The symbol is not present in current POSIX specification and compiler
already generates memset call.
---
 sysdeps/x86_64/bzero.S                        |   1 -
 sysdeps/x86_64/memset.S                       |  10 +-
 sysdeps/x86_64/multiarch/Makefile             |   1 -
 sysdeps/x86_64/multiarch/bzero.c              | 106 ------------------
 sysdeps/x86_64/multiarch/ifunc-impl-list.c    |  42 -------
 .../memset-avx2-unaligned-erms-rtm.S          |   1 -
 .../multiarch/memset-avx2-unaligned-erms.S    |   6 -
 .../multiarch/memset-avx512-unaligned-erms.S  |   3 -
 .../multiarch/memset-evex-unaligned-erms.S    |   3 -
 .../multiarch/memset-sse2-unaligned-erms.S    |   5 -
 .../multiarch/memset-vec-unaligned-erms.S     |  56 +--------
 11 files changed, 2 insertions(+), 232 deletions(-)
 delete mode 100644 sysdeps/x86_64/bzero.S
 delete mode 100644 sysdeps/x86_64/multiarch/bzero.c

diff --git a/sysdeps/x86_64/bzero.S b/sysdeps/x86_64/bzero.S
deleted file mode 100644
index f96d567fd8..0000000000
--- a/sysdeps/x86_64/bzero.S
+++ /dev/null
@@ -1 +0,0 @@
-/* Implemented in memset.S.  */
diff --git a/sysdeps/x86_64/memset.S b/sysdeps/x86_64/memset.S
index af26e9cedc..a6eea61a4d 100644
--- a/sysdeps/x86_64/memset.S
+++ b/sysdeps/x86_64/memset.S
@@ -1,4 +1,4 @@
-/* memset/bzero -- set memory area to CH/0
+/* memset -- set memory area to CH/0
    Optimized version for x86-64.
    Copyright (C) 2002-2022 Free Software Foundation, Inc.

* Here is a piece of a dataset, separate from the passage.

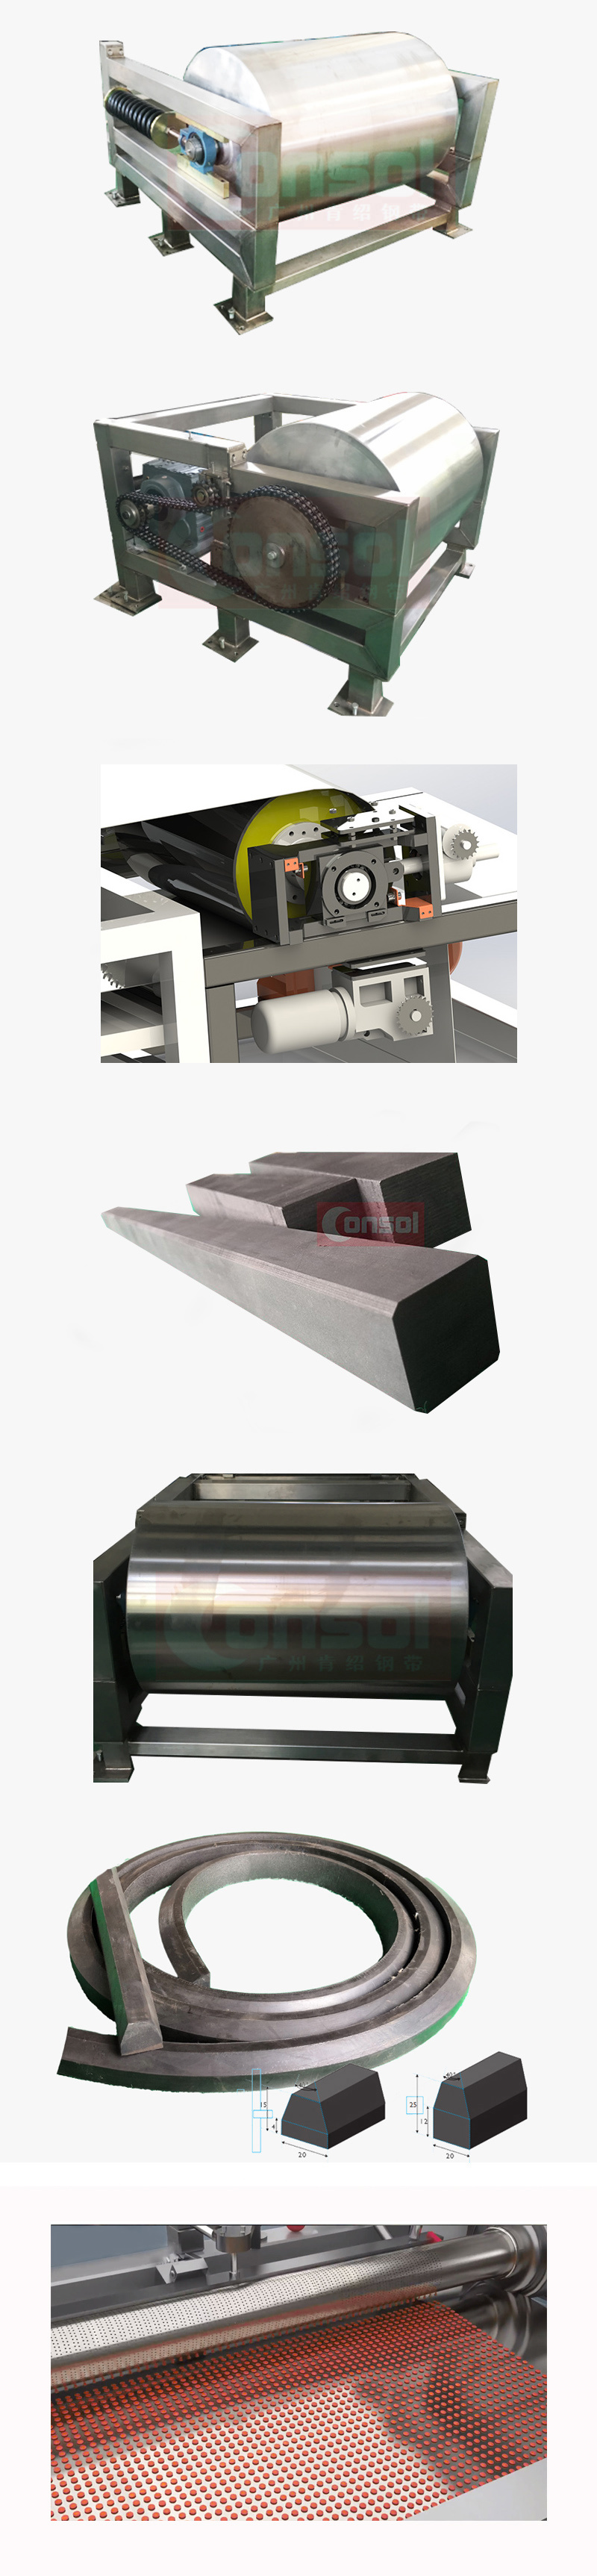 steel belt conveyor system spare parts
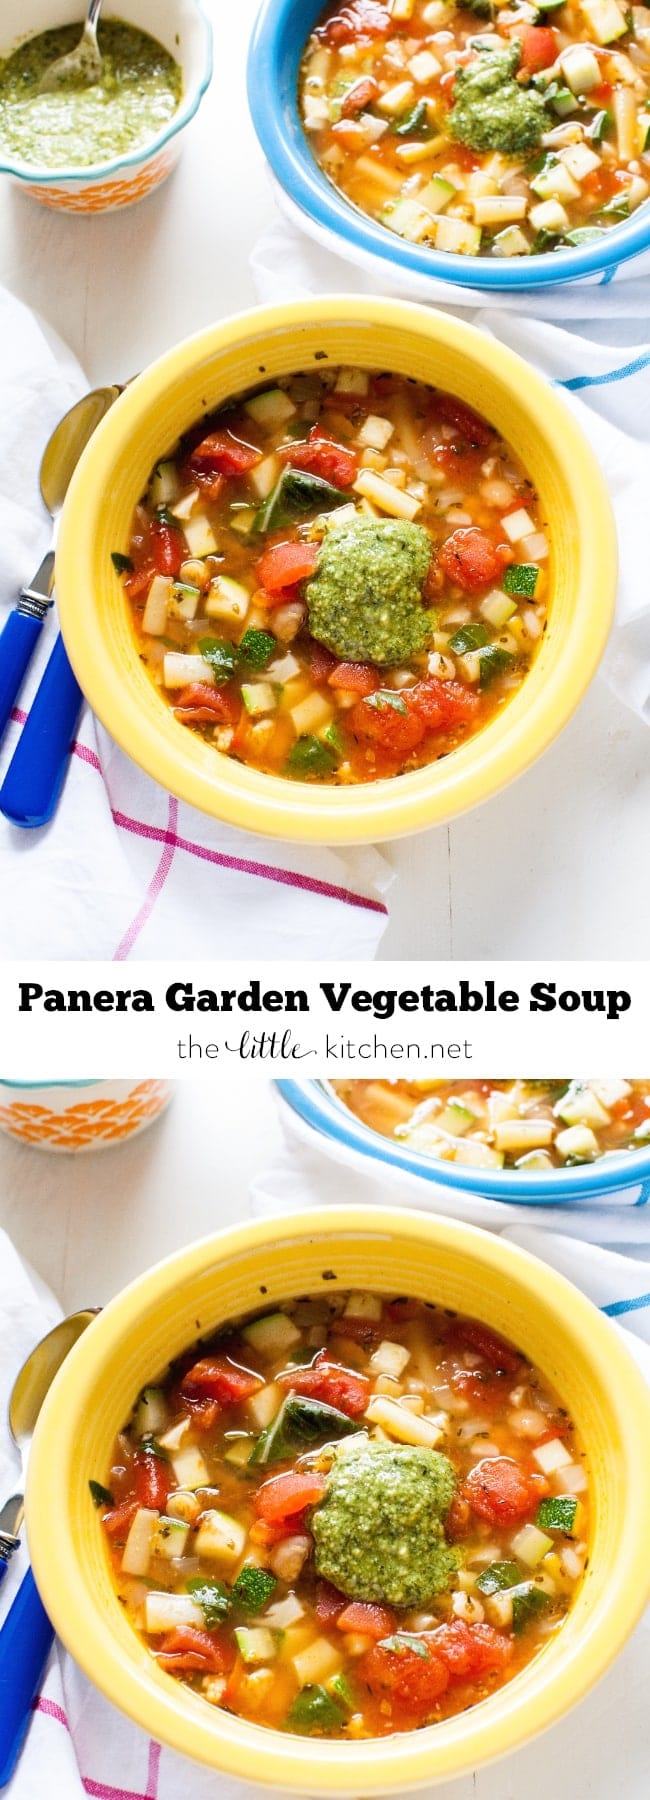 Panera Vegetable Soup from thelittlekitchen.net

    This file is part of the GNU C Library.
@@ -35,9 +35,6 @@
   punpcklwd %xmm0, %xmm0; \
   pshufd $0, %xmm0, %xmm0
 
-# define BZERO_ZERO_VEC0() \
-  pxor %xmm0, %xmm0
-
 # define WMEMSET_SET_VEC0_AND_SET_RETURN(d, r) \
   movd d, %xmm0; \
   pshufd $0, %xmm0, %xmm0; \
@@ -56,10 +53,6 @@
 # define MEMSET_SYMBOL(p,s)	memset
 #endif
 
-#ifndef BZERO_SYMBOL
-# define BZERO_SYMBOL(p,s)	__bzero
-#endif
-
 #ifndef WMEMSET_SYMBOL
 # define WMEMSET_CHK_SYMBOL(p,s) p
 # define WMEMSET_SYMBOL(p,s)	__wmemset
@@ -70,7 +63,6 @@
 libc_hidden_builtin_def (memset)
 
 #if IS_IN (libc)
-weak_alias (__bzero, bzero)
 libc_hidden_def (__wmemset)
 weak_alias (__wmemset, wmemset)
 libc_hidden_weak (wmemset)
diff --git a/sysdeps/x86_64/multiarch/Makefile b/sysdeps/x86_64/multiarch/Makefile
index e7b413edad..4274bfdd0d 100644
--- a/sysdeps/x86_64/multiarch/Makefile
+++ b/sysdeps/x86_64/multiarch/Makefile
@@ -1,7 +1,6 @@
 ifeq ($(subdir),string)
 
 sysdep_routines += \
-  bzero \
   memchr-avx2 \
   memchr-avx2-rtm \
   memchr-evex \
diff --git a/sysdeps/x86_64/multiarch/bzero.c b/sysdeps/x86_64/multiarch/bzero.c
deleted file mode 100644
index 58a14b2c33..0000000000
--- a/sysdeps/x86_64/multiarch/bzero.c
+++ /dev/null
@@ -1,106 +0,0 @@
-/* Multiple versions of bzero.
-   All versions must be listed in ifunc-impl-list.c.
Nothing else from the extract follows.